I think it is to easy for us to pick out a few extremely rare coins to use as an example.
Particularly because only a hand full of collectors could afford these. >>
Uh, common twenties were in my comparison
Tom
Coin's for sale/trade.
Tom Pilitowski
US Rare Coin Investments
800-624-1870
It also appears from the charts that Placid posted that the price of Gold over reacted to the hype of inflation in the late 70’s, but corrected to a true relationship, and is currently valued near where it should be, according to Mr. Downs’s recent report.
On the other hand the price of coins is way in front of the inflation increases, so something else must be driving this market, and it is something that all collectors need to know to avoid making the buying mistakes of the past.

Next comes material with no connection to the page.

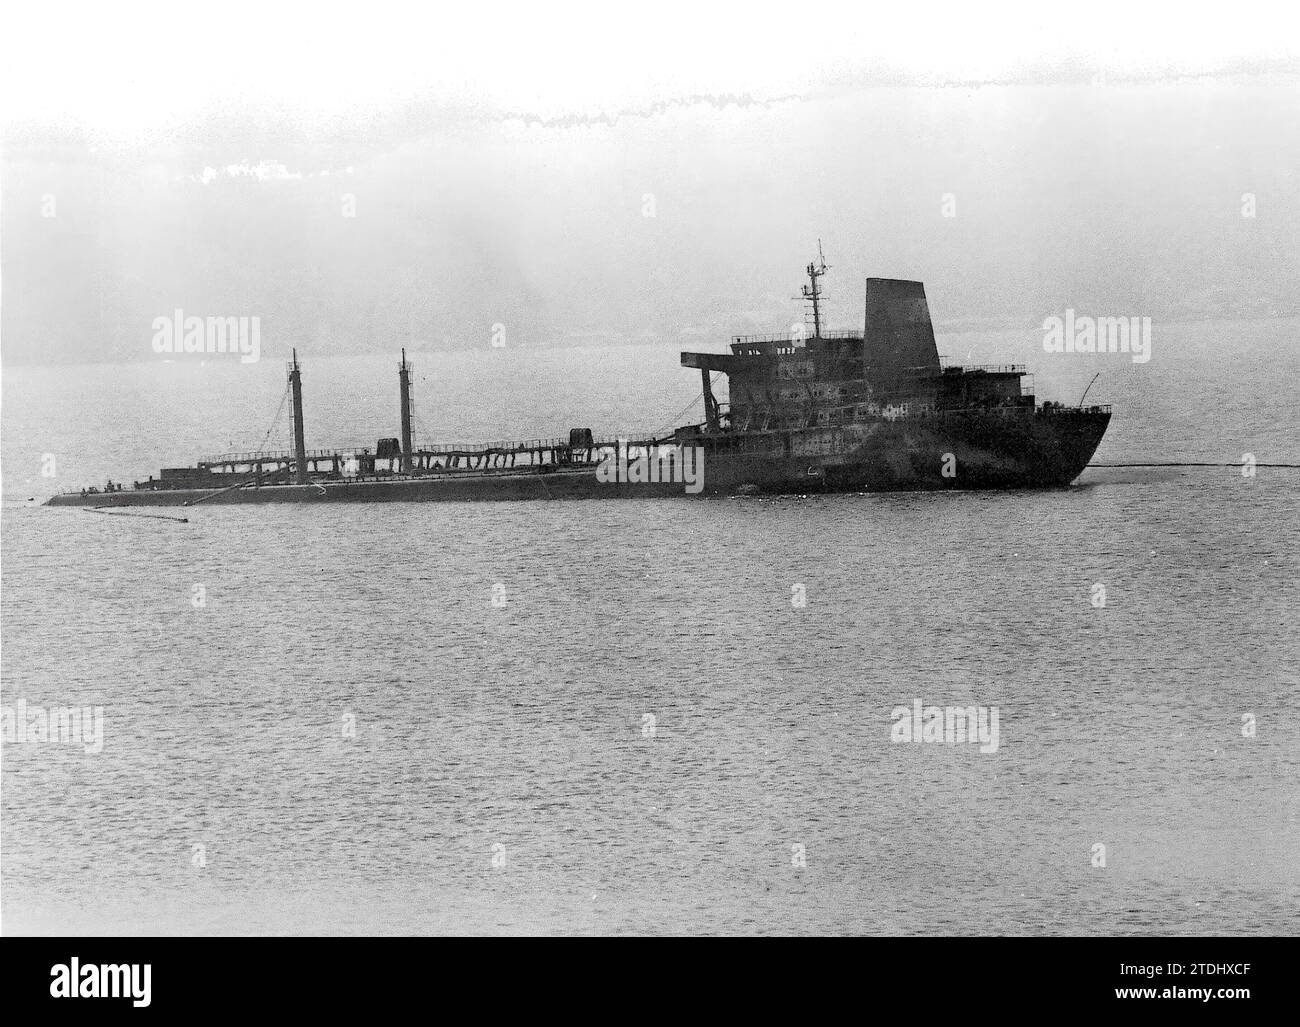 01/07/1977. Stern of the Urquiola stranded in the Ares estuary (La Coruña). Credit: Album / Archivo ABC / Ángel Carchenilla Stock Photo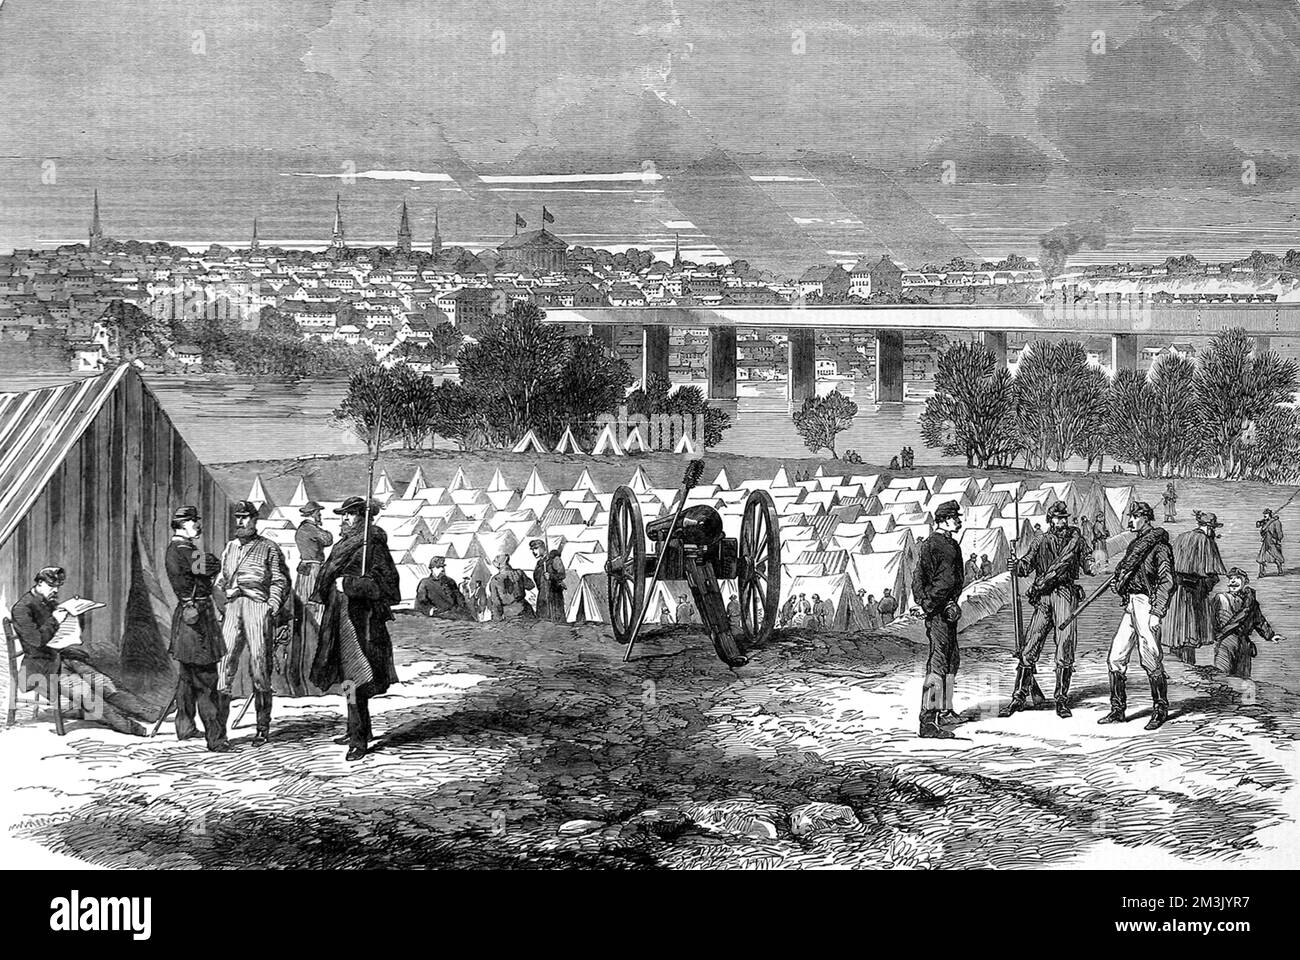 Incisione che mostra il prigioniero del campo di guerra a Belle Isle, Richmond, pieno di prigionieri federali. Sullo sfondo si può vedere la città di Richmond stessa. Data: 1864 Foto Stock

In reading through the threads just posted below, several factors can be contributing to these very large increases in the coin market at this time.
First the big money has nowhere to go. The stock market is in the toilet and headed back south, bonds, CD’S, money markets, are not even keeping up with the current inflation.
Real-Estate has been hitting highs every year for several years, and may be reaching its peak, Gold and Silver seem to be fully priced until the new waves of printed money hit the market and inflation is recalculated.
Second it appears from the flips taking place that several of the larger dealers are know making investment predictions and touting coins as short term investments to their wealthy clients. It seems obvious that many of the high-end purchases are NOT done by collectors, but by speculators seeking profits. Collectors buying high R factor coins do not sell them after a year.
In addition I might add this, if you read through the posts on the market crash of the 90’s, and be sure to read all of Mike Sherman’s post who is a V.P. at PCGS, you will see that drastic market swings affect all boats. So if you are a smaller collector you will also be affected.
If you look at the charts that Placid posted you can see that current Gold prices are up approx. 19 times in ninety years, but our basket of coins is up over 60 times in the past 34 years.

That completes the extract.